= Prostitution in Burkina Faso =

Prostitution in Burkina Faso is not specifically prohibited by the law, but soliciting and pimping are illegal. Burkinabe society only accepts sexual intercourse within marriage. In 2009, Voice of America reported that the number of prostitutes in Burkina Faso had increased as a result of the country's poverty. The increase in prostitution has given rise to fears of an increase in the number of Burkinabés infected with HIV and AIDS. UNAIDS estimate there to be 31,000 prostitutes in the country.

Burkina Faso has been referred to as "a theatre of child labour" as many children are trafficked into the country for forced prostitution as well as domestic work. In 1990 the Burkina Faso government ratified the UN Convention on the Rights of the Child and there are laws against the commercial sexual exploitation of children. The government has taken measures to ensure the safety of children against sexual abuse and exploitation, but it is still prevalent. Children from poor families relied on prostitution to meet their daily needs and, at times, to help their needy parents. Trafficked children, primarily Nigerian nationals, were also subject to sexual abuse and forced prostitution.

In the capital, Ouagadougou, the main area of prostitution is in the Dapoya district.

Although homosexuality is illegal in the country, male prostitution takes place, especially in the tourist areas.

==Forms of prostitution==
===Sédentaires===
 sex workers sit outside their houses on stools trying to attract clients. They tend to be older women and have lower rates than other sex workers.

===Trotteuses===
 are street prostitutes. They walk the streets in areas known for prostitution. Many of them are foreign, particularly from Ghana and Togo.

===Professionnelles de luxe===
 are call girls who offer their services, by appointment, in hotels, motels and clients' residences. Their clients are usually businessmen, travellers or tourists.

===Bar waitresses===
Waitresses that work in bars, nightclub and hotels sometimes offer sexual services as a sideline. They may use guest rooms, or the client's or waitress's home.

===Transhumantes===
These sex workers work for a "Granny" or a "Tantie" who acts as their pimp. They travel from town to town and work in places such as construction sites and gold mines. They tend to be younger women between the ages of 16 and 25.

===Mbaraan===
Many young women, especially high school students, turn to part-time prostitution to afford "luxury" goods such as fashionable European clothing.

===Rural areas===
Some women in small rural areas will stand by main roads trying to attract clients.

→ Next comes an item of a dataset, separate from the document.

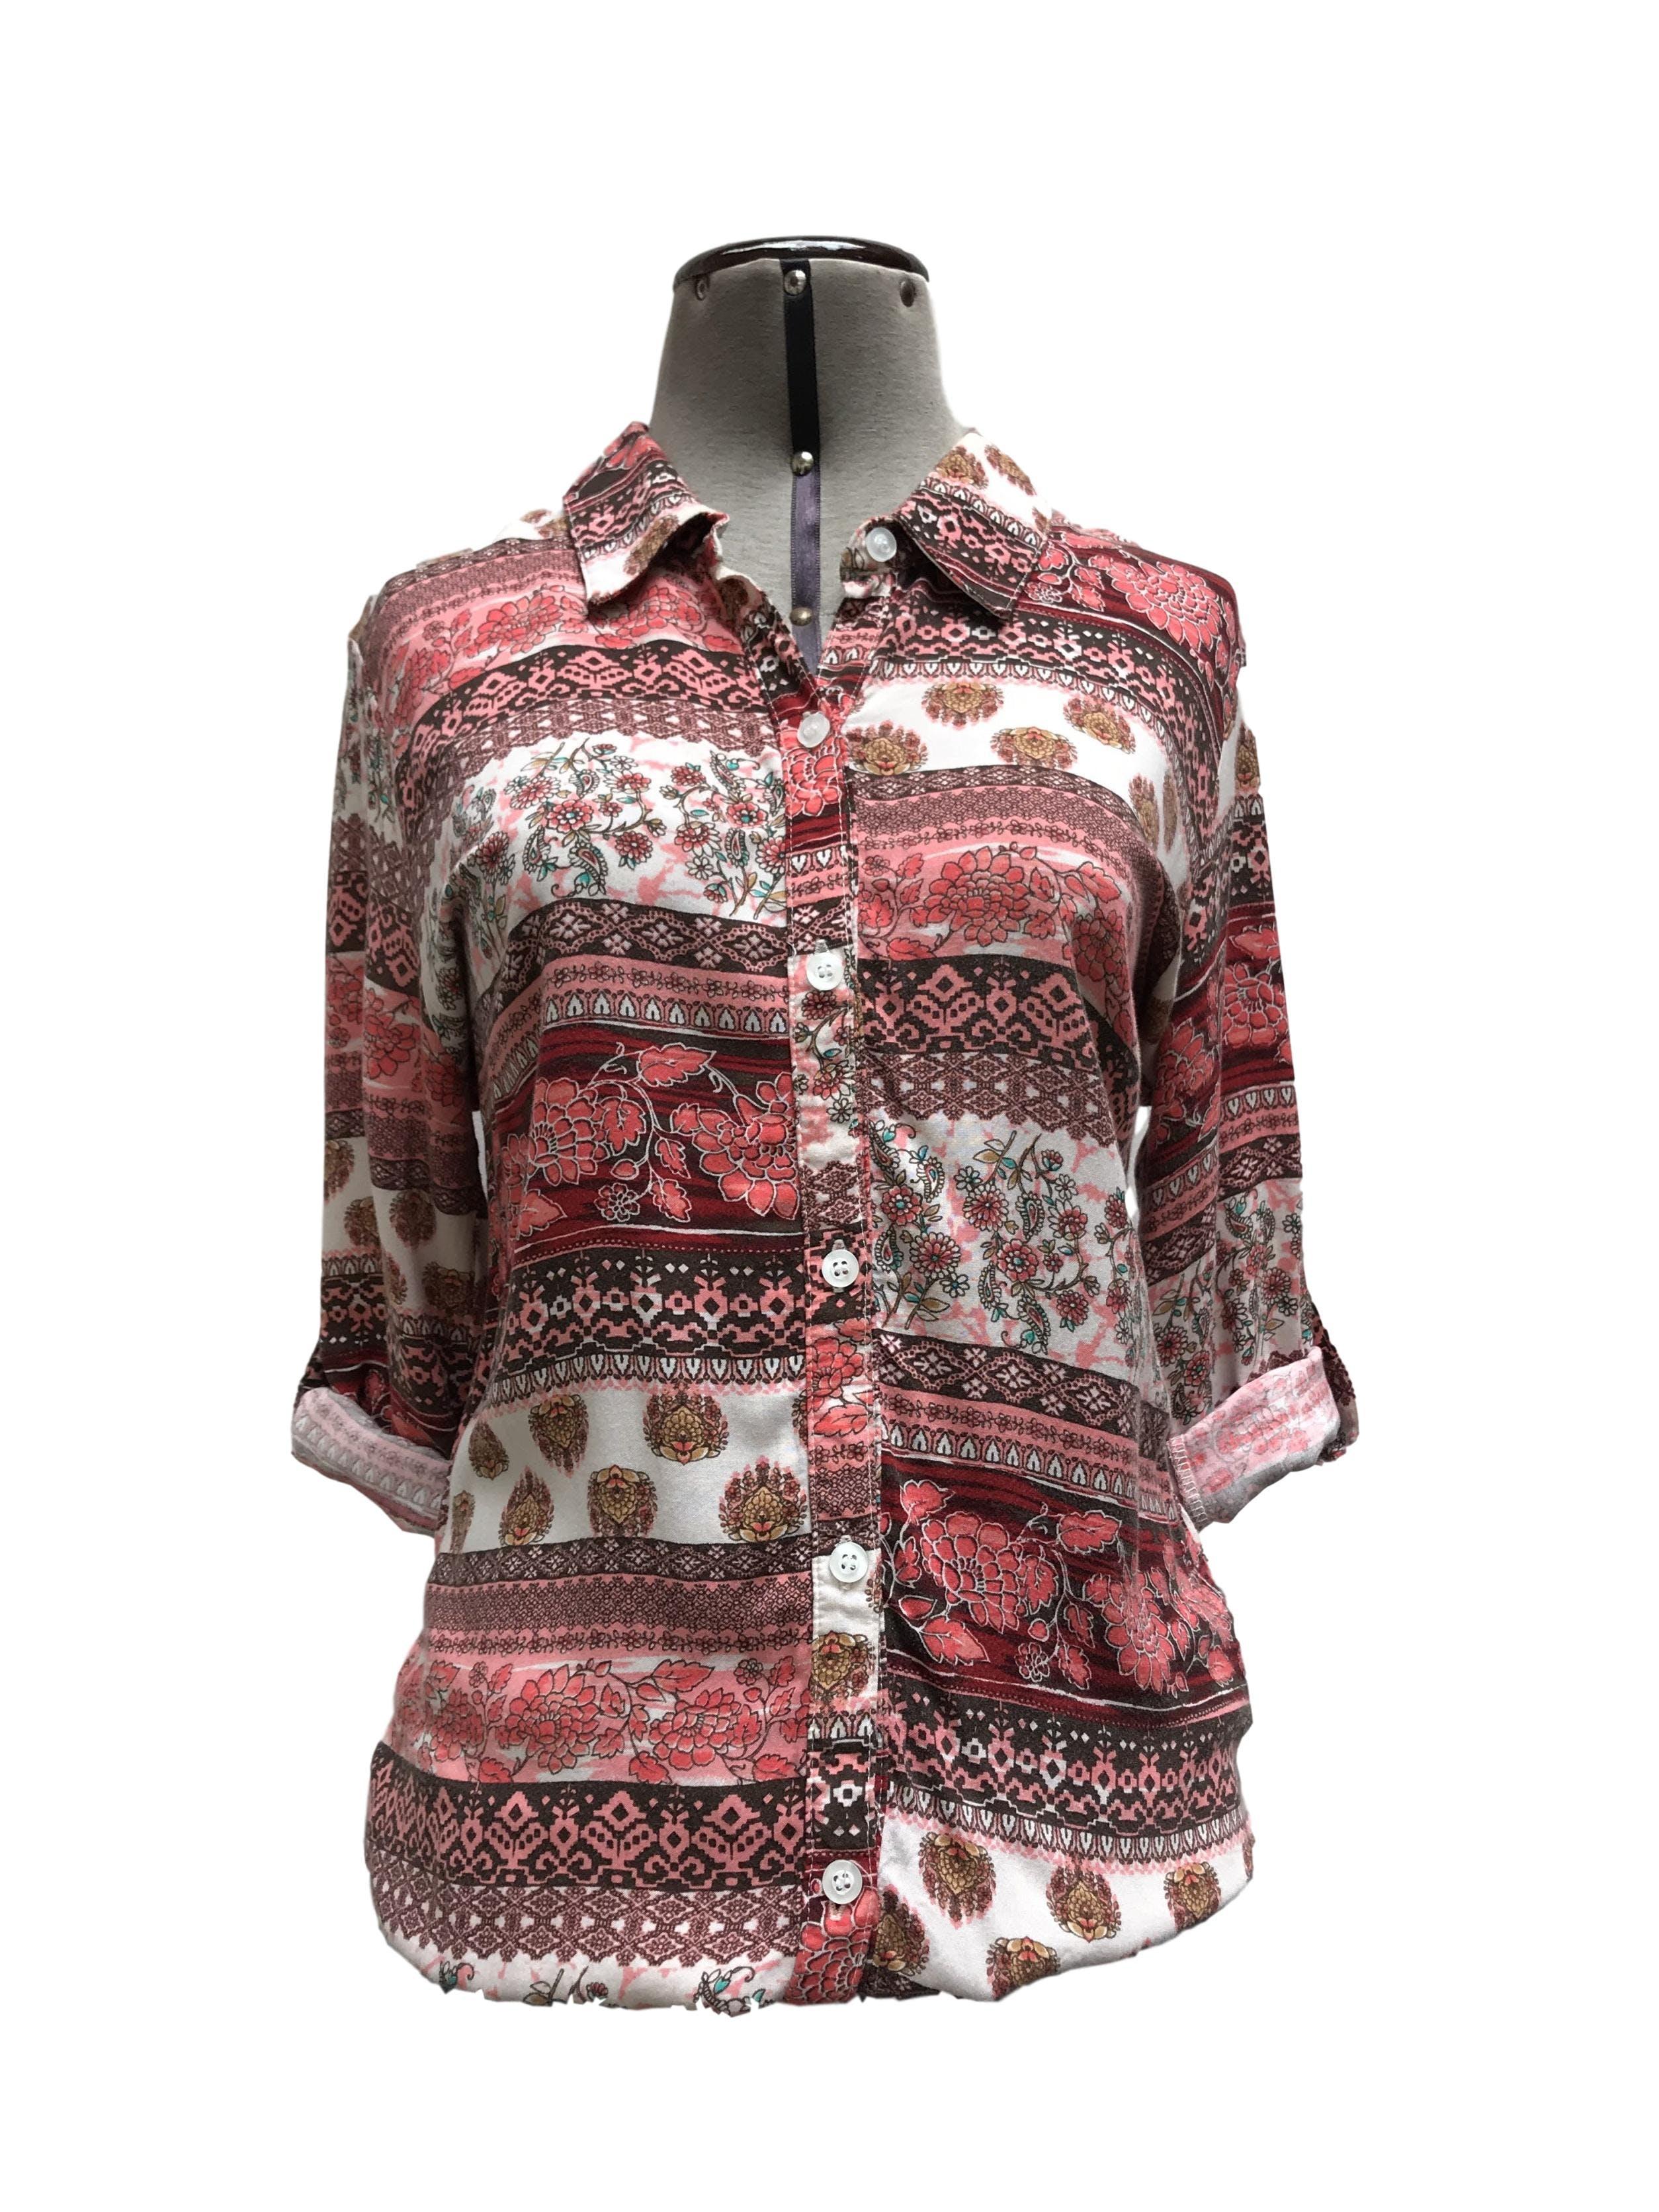 Blusa con estampado tribal en tonos coral, marrón y blanco, cuello camisero, fila de botones y elástico en las basta, manga regulable con botón Talla S (puede ser M chico)

This may happen by day or by night.

==HIV==
Like other Sub-Saharan African countries the prevalence of HIV/AIDS infection is relatively high, although it is dropping. The country has one of the highest prevalences in West Africa. In 1999, the adult prevalence was 6.4%, by 2016 it had dropped to 0.8%.

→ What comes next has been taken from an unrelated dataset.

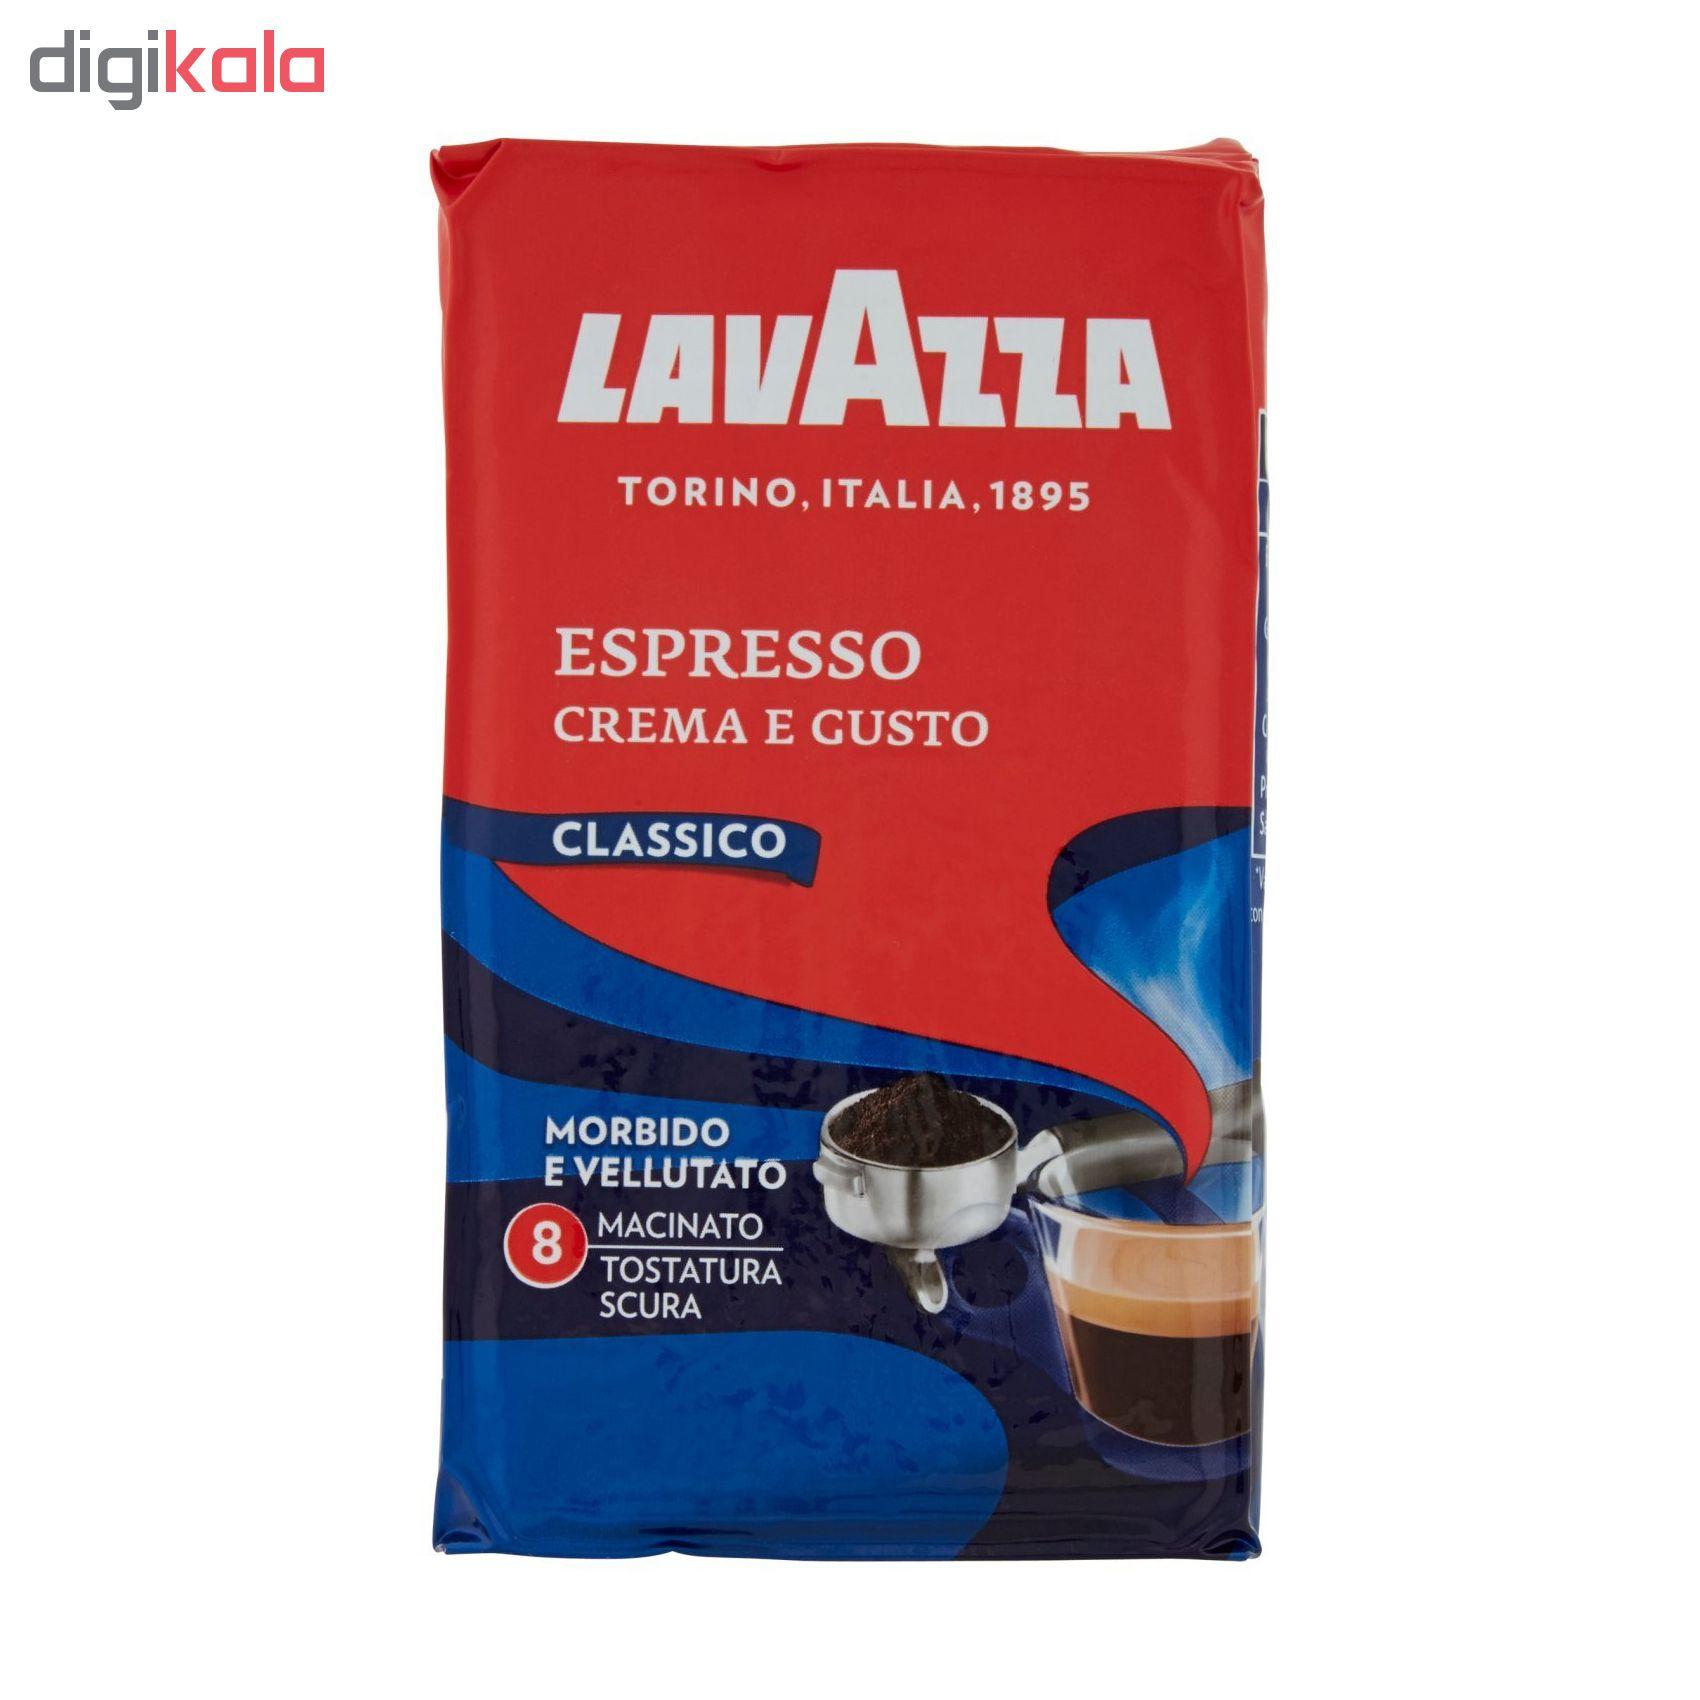 پودر قهوه لاواتزا مدل Crema e Gusto Classico مقدار 250 گرم

Sex workers are a high risk group. Prevalence has fallen from 53% in 1998, to 16.2% in 2016

==Sex trafficking==

Burkina Faso is a source, transit, and destination country for women and children subjected to sex trafficking. Burkinabe girls are exploited in sex trafficking. Burkinabe children are transported to Côte d'Ivoire, Mali, and Niger for sex trafficking. To a lesser extent, traffickers recruit women for ostensibly legitimate employment in Lebanon, Qatar, Saudi Arabia, and various European countries and subsequently subject them to forced prostitution. Burkina Faso is a transit country for traffickers transporting children from Mali to Côte d'Ivoire and women and girls from Côte d'Ivoire to Saudi Arabia. It is a destination for children subjected to trafficking from neighbouring countries, including Côte d'Ivoire, Ghana, Guinea, Mali, Niger, and Nigeria. Women from other West African countries are fraudulently recruited for employment in Burkina Faso and subsequently subjected to forced prostitution. Nigerian girls are exploited in sex trafficking in Burkina Faso. Nepalese traffickers have subjected Tibetan women to sex trafficking in Burkina Faso.

The 2008 anti-trafficking law criminalises all forms of trafficking and prescribes penalties of five to 10 years imprisonment, which are sufficiently stringent and commensurate with penalties prescribed for other serious crimes, such as rape. Law No. 11-2014/AN criminalises "child prostitution" and the sale of children—including the sale of children for crimes not considered trafficking in the 2000 UN TIP Protocol.

The United States Department of State Office to Monitor and Combat Trafficking in Persons ranks Burkina Faso as a Tier 2 country.